Lattice QCD with Classical and Quantum Electrodynamics

TL;DR

This paper reviews the integration of electromagnetic effects into QCD studies, emphasizing classical and quantum influences on hadrons and the importance of including these effects in high-precision lattice computations.

Contribution

It provides an overview of recent progress and prospects in studying electromagnetic effects within QCD, highlighting classical responses and quantum renormalization.

Findings

Electromagnetic effects are crucial for understanding QCD at high precision.

External electromagnetic fields influence the response of QCD vacuum and hadrons.

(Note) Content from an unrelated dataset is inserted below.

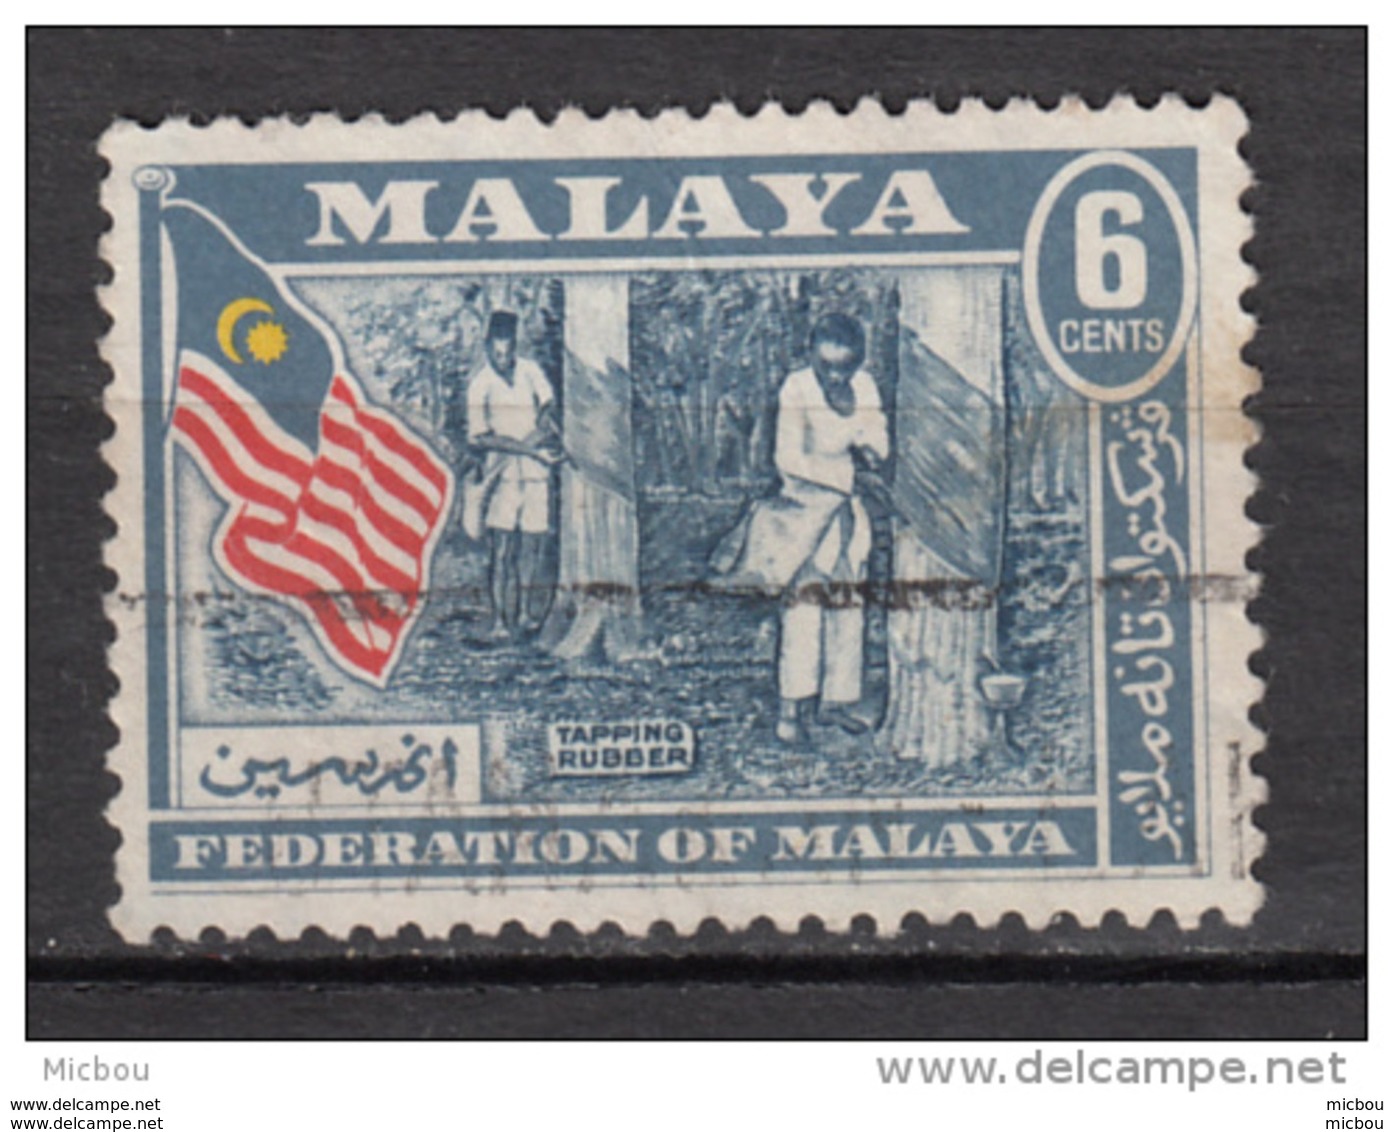 Malaysie, Malaysia, Hevea, Latex, Caoutchouc, Agriculture, Drapeau, Flag, Lune, Moon - Arbres
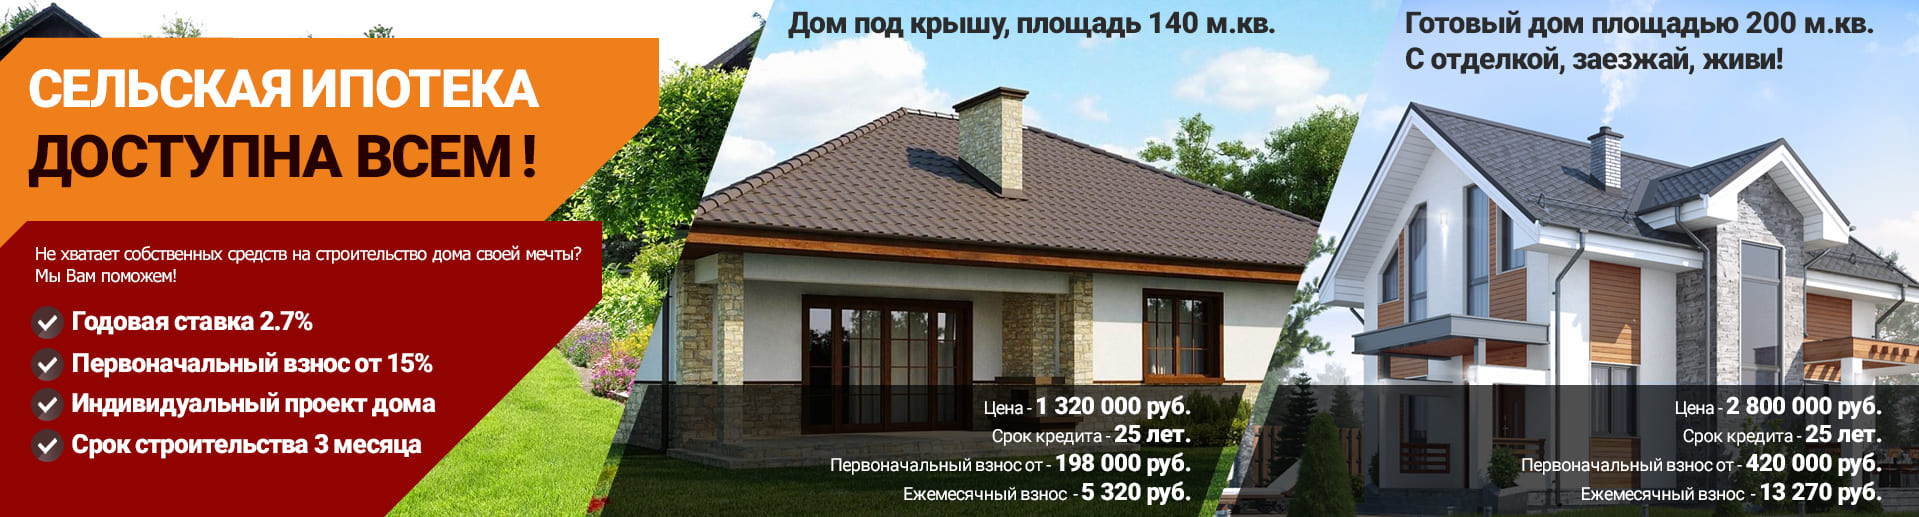 Сельская ипотека на строительство дома в Тольятти

Electromagnetic contributions are essential for percent-level accuracy in lattice QCD predictions.

Abstract

We are doubtlessly familiar with some edition of Jackson's tome on electrodynamics, and Schwinger's calculation of the anomalous magnetic moment of the electron in QED. From the perspective of strong interactions, however, electromagnetic effects usually amount to negligible contributions. Despite this fact, electromagnetic probes have always been a fundamental source for our knowledge of QCD experimentally. Elastic scattering of electrons off nucleons provides us a window to their distributions of charge and magnetism. To account for the spectrum of QCD at the percent level, moreover, we need isospin breaking introduced from both quark masses and electric charges. This overview concerns some of the prospects and progress of studying electromagnetic effects in QCD. Our focus is divided between classical and quantum effects. In classical electromagnetic fields, the dynamical response of QCD to external conditions can be investigated. The vacuum and hadrons alike should be viewed as media which respond to external fields: both magnetize and polarize in magnetic fields, for example. At the quantum level, electromagnetism and QCD renormalize each other. In the era of high precision lattice computations, both strong and electromagnetic contributions must be accounted for to make predictions at the percent level.